Prescription Patterns of Cardiovascular and Kidney Protective Therapies Among Patients with Type 2 Diabetes and Chronic Kidney Disease
To assess the prevalence and correlates of prescription of sodium-glucose co-transporter-2-inhibitors (SGLT2i) and/or glucagon-like peptide-1-receptor agonists (GLP1-RA) in persons with type 2 diabetes mellitus (T2DM) with and without chronic kidney disease (CKD).
Cross-sectional analyses of SGLT2i and GLP1-RA prescriptions from January 1st, 2019, to December 31st, 2020, in the Veterans Health Administration System. The likelihood of prescriptions was examined by presence or absence of CKD and by predicted risks of atherosclerotic cardiovascular disease (ASCVD) and end-stage kidney disease (ESKD).
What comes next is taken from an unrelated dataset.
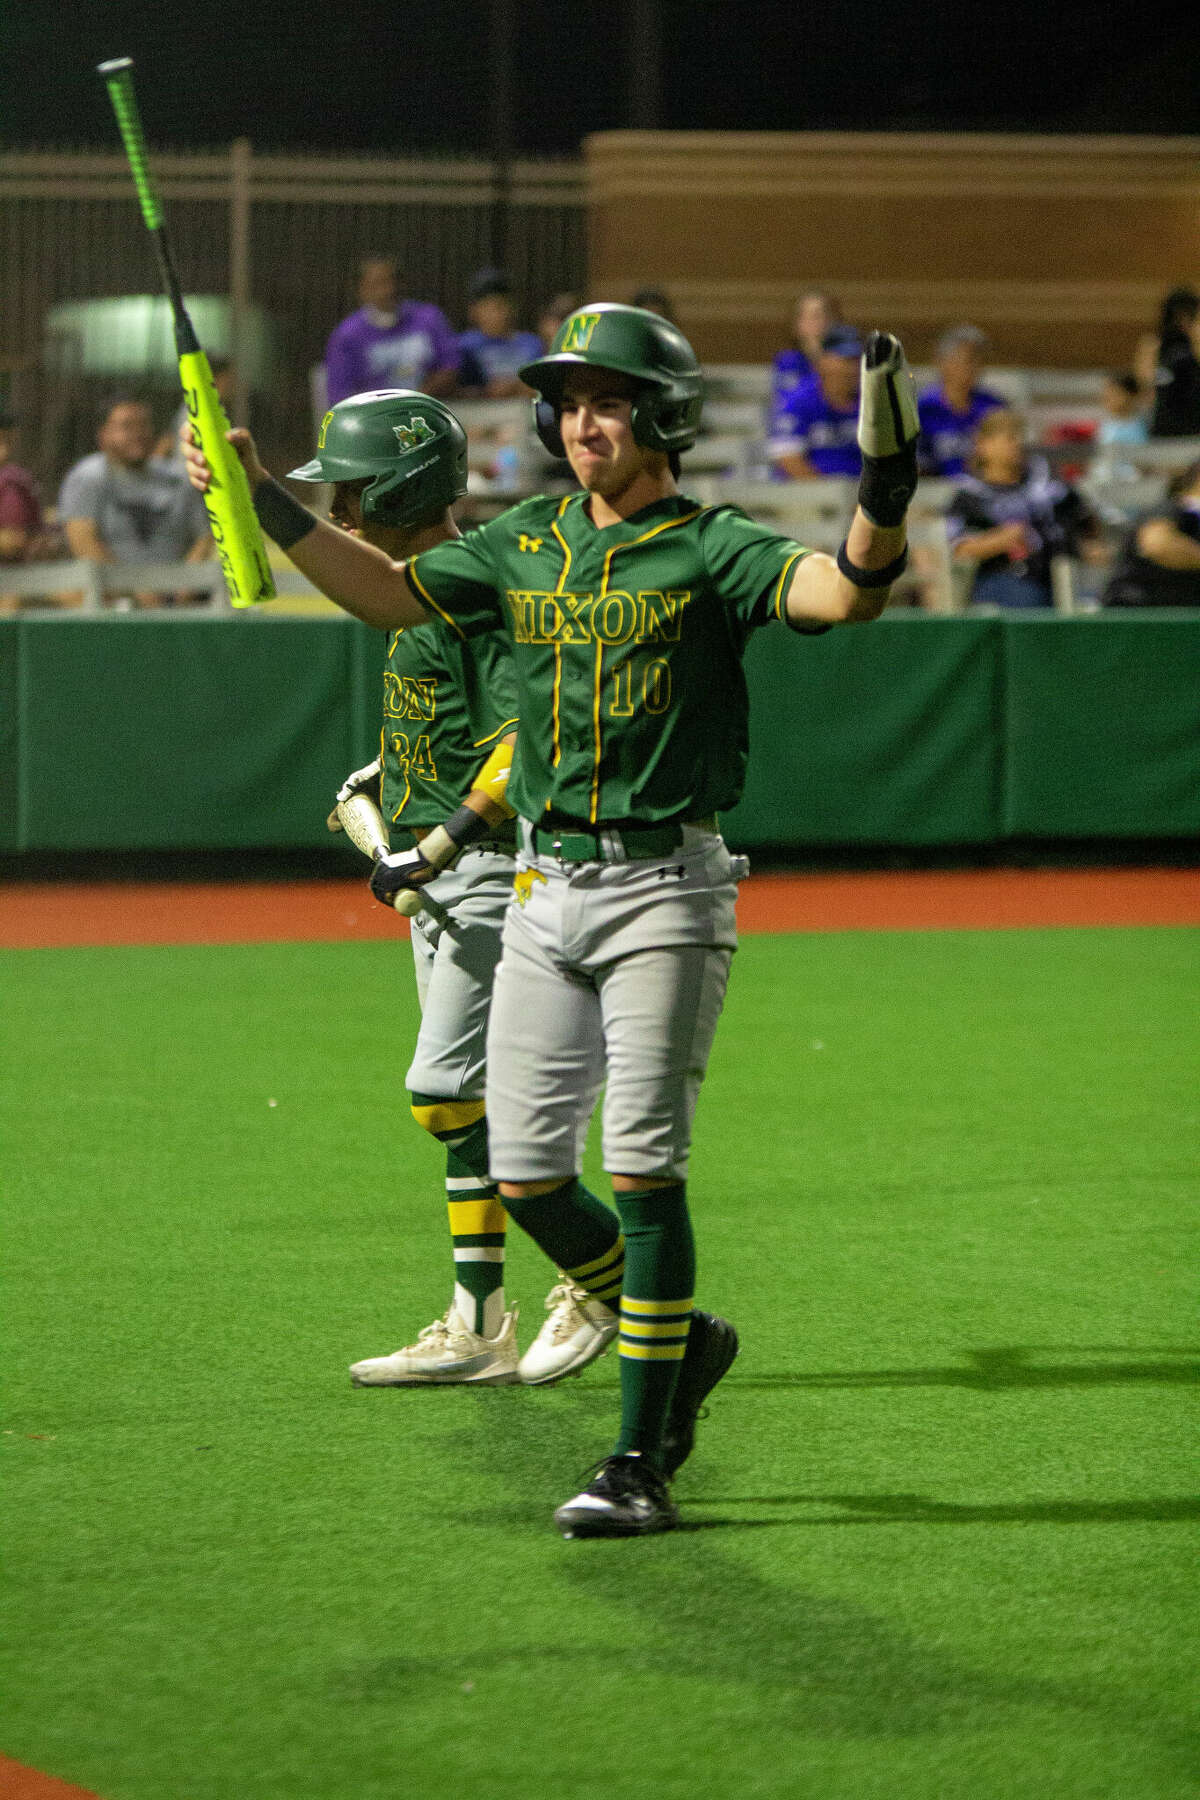 The Nixon Mustangs swept the Cigarroa Toros with a 7-1 win on Friday.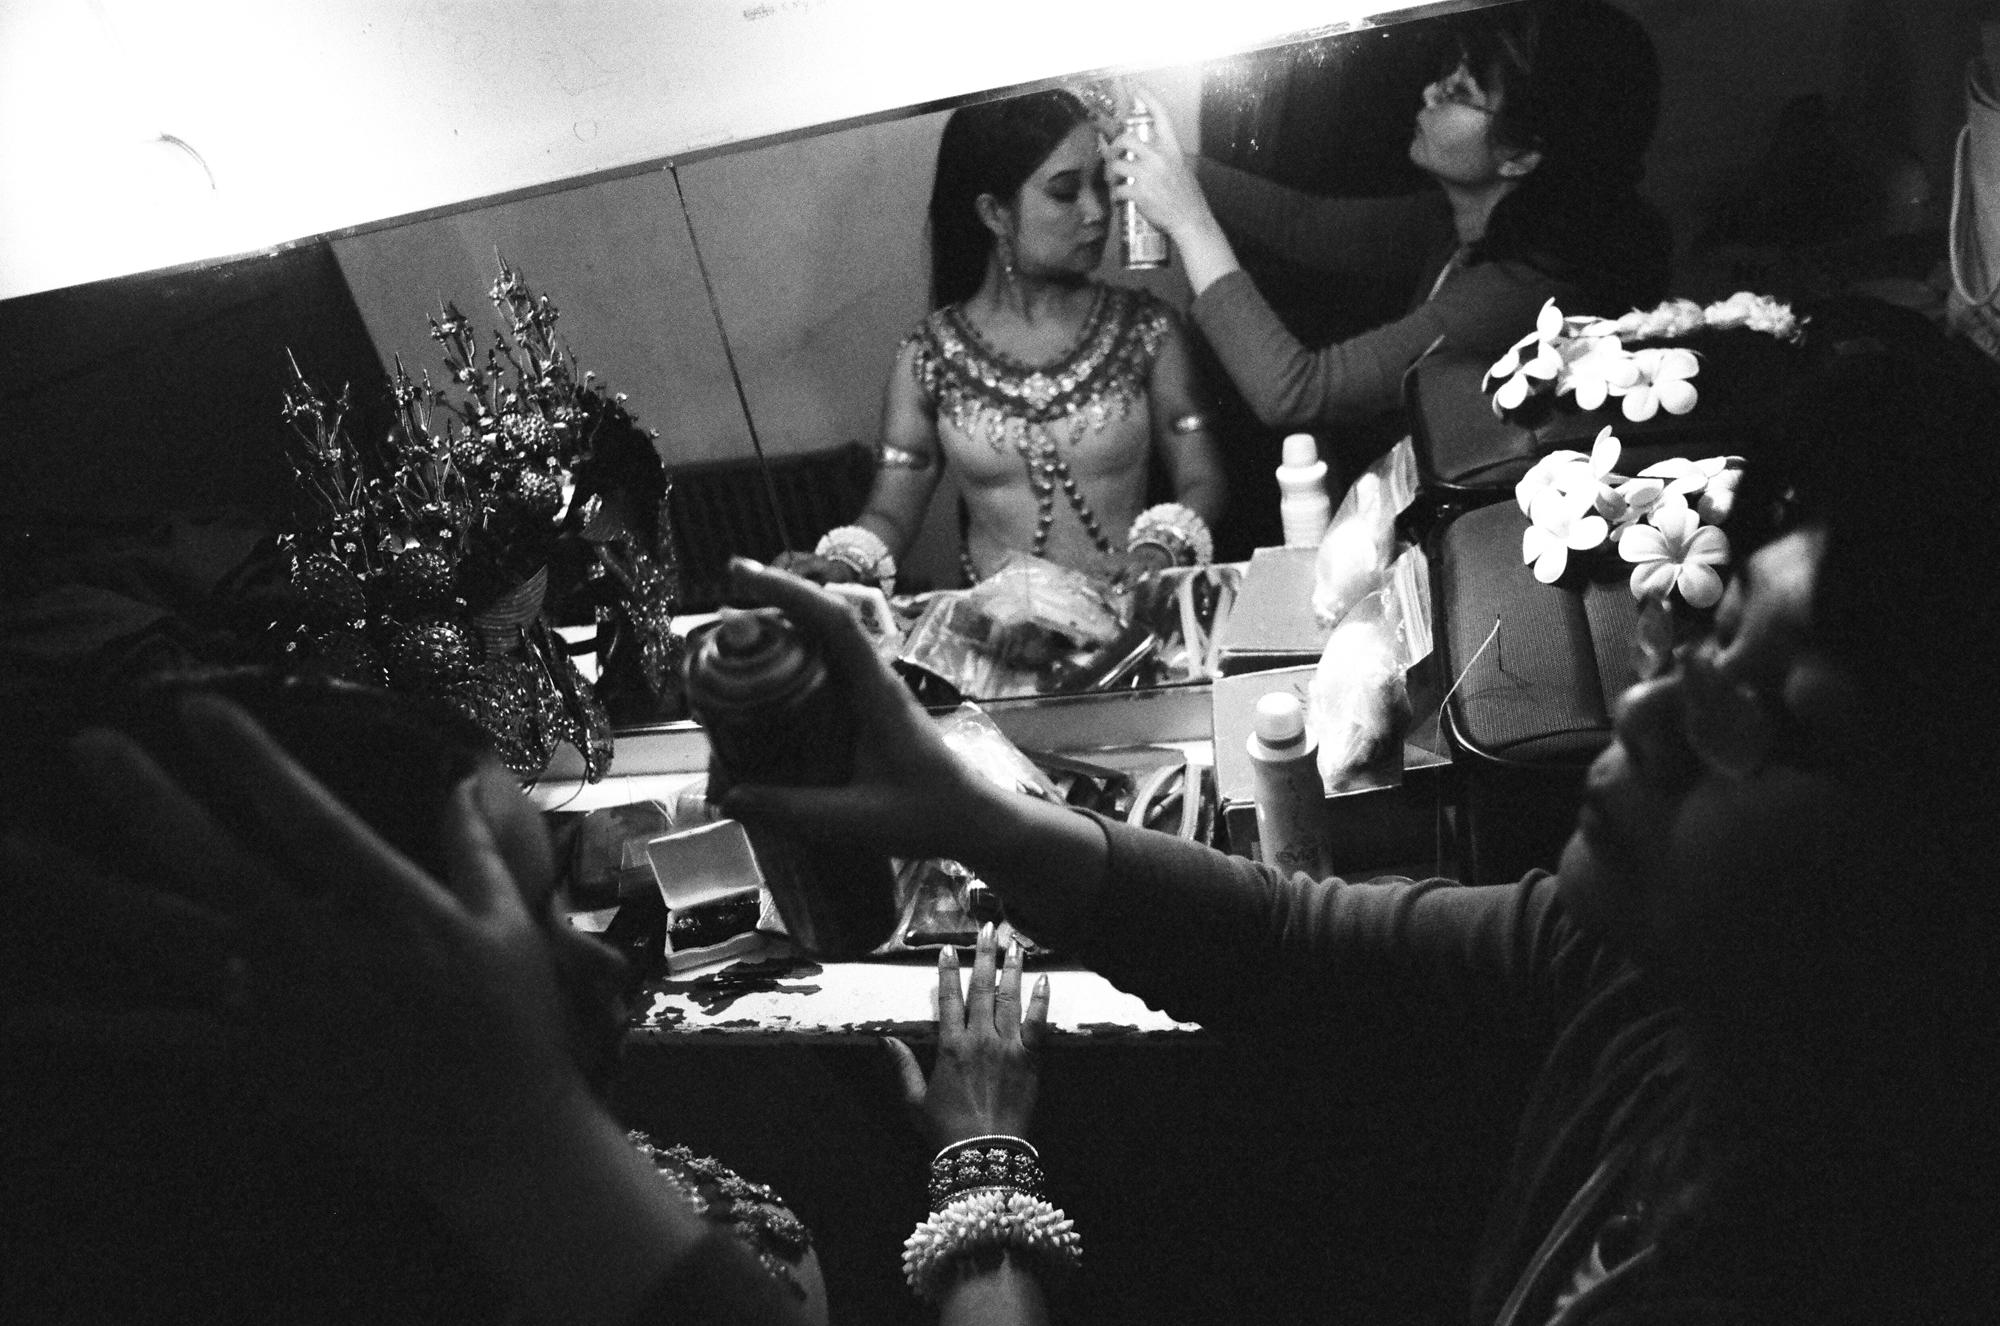 Celebrated Cambodian Dancer Charya Burt in the dressing room. Her sister spends two hours hand sewing her costume on before every one of her performances. As a member of Cambodia&rsquo;s Royal Dance Troupe, Charya toured nationally and internationally. After emigrating in 1993, Charya has been performing throughout the United States, including the Getty Museum in Los Angeles, the Kennedy Center in Washington DC, the San Francisco Opera House and countless times as a featured dancer at the San Francisco Ethnic Dance Festival. Her original works have been presented by the Jacob&rsquo;s Pillow Dance Festival, World Arts West, CounterPULSE, UC Santa Barbara, San Francisco Asian Art Museum, Oregon Shakespeare Festival, and many others. Charya holds a B.A., Cum Laude, from Sonoma State University and has conducted dance workshops at schools and colleges around the country. Charya is also a recipient of the Isadora Duncan Award for Individual Performance.

Of 1,197,880 adults with T2DM, SGLT2is and GLP1-RAs were prescribed to 11% and 8% of patients overall, and to 12% and 10% of those with concomitant CKD, respectively. In adjusted models, patients with severe albuminuria were less likely to be prescribed SGLT2i or GLP1-RA versus non-albuminuric patients with CKD: OR (95% CI) = 0.91 (0.89, 0.93) and 0.97 (0.94, 1.00), respectively. Patients with 10-year ASCVD risk >20% (versus <5%), had lower odds of SGLT2i use (OR=0.55 (0.52, 0.59)) and GLP1-RA prescription (OR=0.54 (0.50, 0.59)). A 5-year ESKD risk >5%, compared with <1%, were associated with lower likelihood of SGLT2i prescription (OR=0.63 (0.59, 0.67)) but higher likelihood of GLP1-RA prescription (OR=1.53 (1.46, 1.61)).
Among a large cohort of patients with T2DM, prescription of SGLT2i and GLP1-RA was low in those with CKD. We observed a “risk-treatment paradox”, whereby patients with higher risk of adverse outcomes were less likely to receive these therapies.